Intervention de Jean-Claude Trichet, Président de la BCE devant le European American Press Club (Club euro américain de la presse) Paris, le 3 décembre 2010


Mesdames et Messieurs,

Permettez moi tout d’abord de remercier les organisateurs de leur invitation à venir partager avec vous mes réflexions sur la crise économique et financière. La crise n’est pas encore terminée, mais le temps est venu de commencer à en tirer les enseignements et de mettre en œuvre les conclusions que nous tirerons progressivement.

Nous vivons une période pleine de défis et les citoyens européens attendent de l’ensemble des responsables qu’ils remplissent leur mandat en faisant face à leurs responsabilités.

En ce qui concerne la Banque centrale européenne (B.C.E.), je rappelle qu’elle a été l’une des premières banques centrales dans le monde à réagir face à l’éclatement des turbulences financières en août 2007.

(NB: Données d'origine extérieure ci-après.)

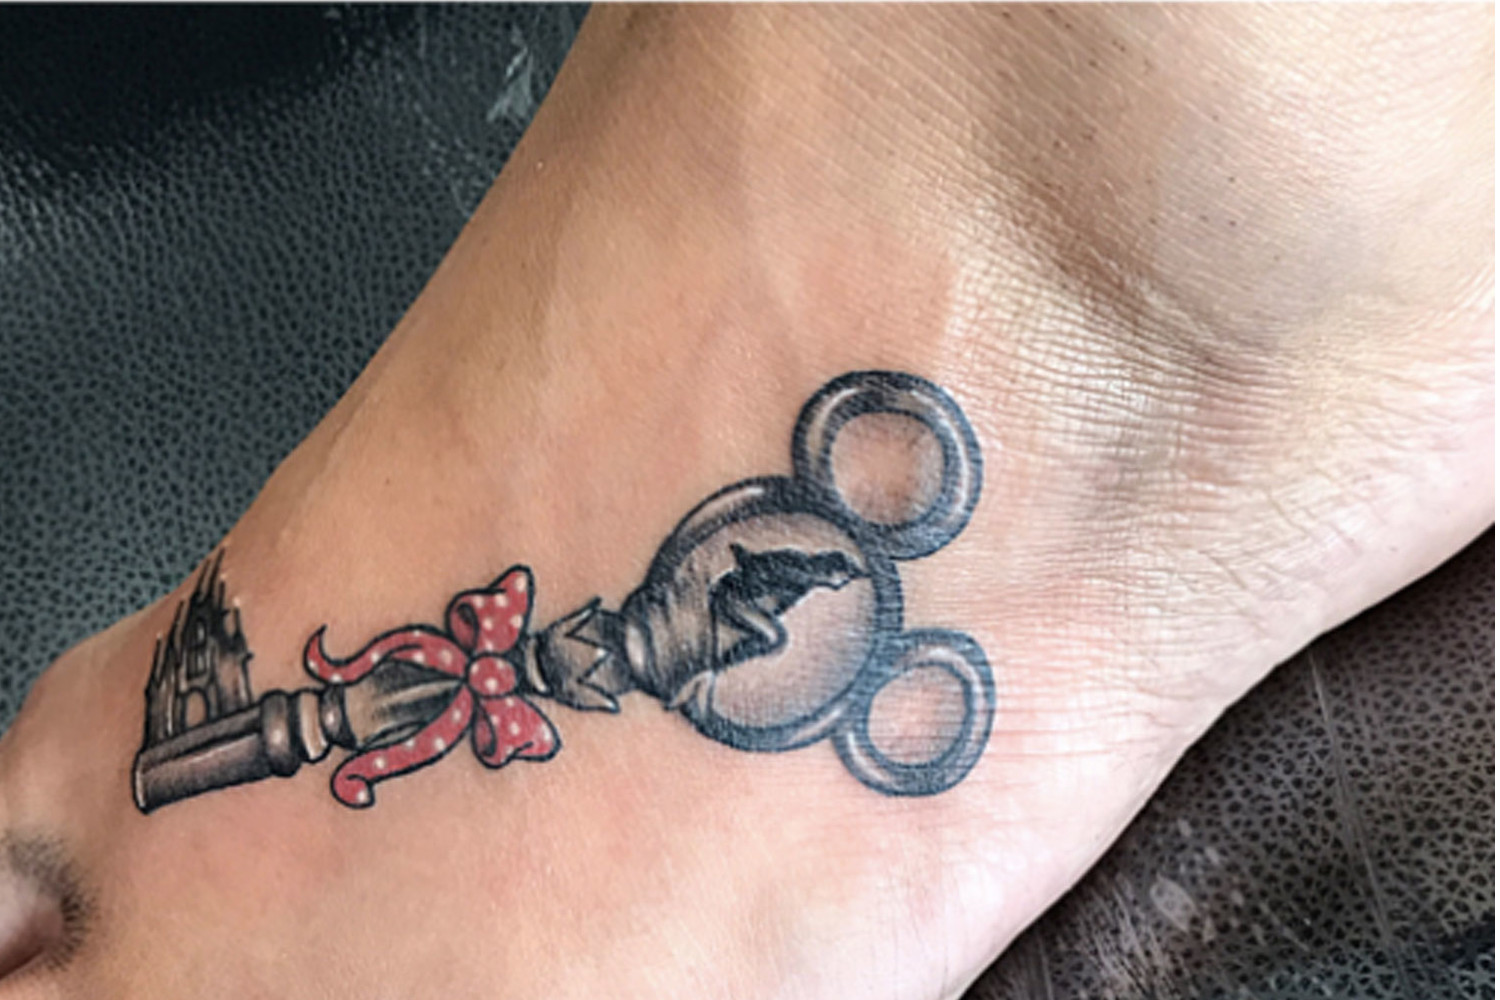 EngineerInk Tattoo  Body Piercing  Mother daughter tattoos  of Pooh  Bear and Piglet  by boehmer85        disneydisneytattoomotherdaughtermotherdaughtertattoopoohbearpoohandpigletpoohbeartattoo  disneytatts disneytat

Depuis lors, elle a agi en faisant preuve constamment de ce que j’ai appelé une « vigilance crédible ». Celle‑ci a caractérisé tant la conduite de notre politique monétaire conventionnelle, à travers les modifications des taux d’intérêt, que les politiques non conventionnelles, mises en œuvre essentiellement à travers des opérations spéciales d’apport de liquidité et des interventions sur certains marchés obligataires, comportant notamment l’achat d’obligations sécurisées.

Je crois que le Conseil des gouverneurs de la B.C.E. a démontré sa capacité à maintenir le cap du vaisseau « monétaire » européen à travers la tempête financière souvent décrite comme la plus grave survenue depuis la Grande dépression.
Pendant la crise mondiale, l’action résolue des responsables publics a permis de prévenir une répétition des désastres économiques subis dans les années 1930, tout en renforçant la coopération mondiale, en particulier entre banques centrales.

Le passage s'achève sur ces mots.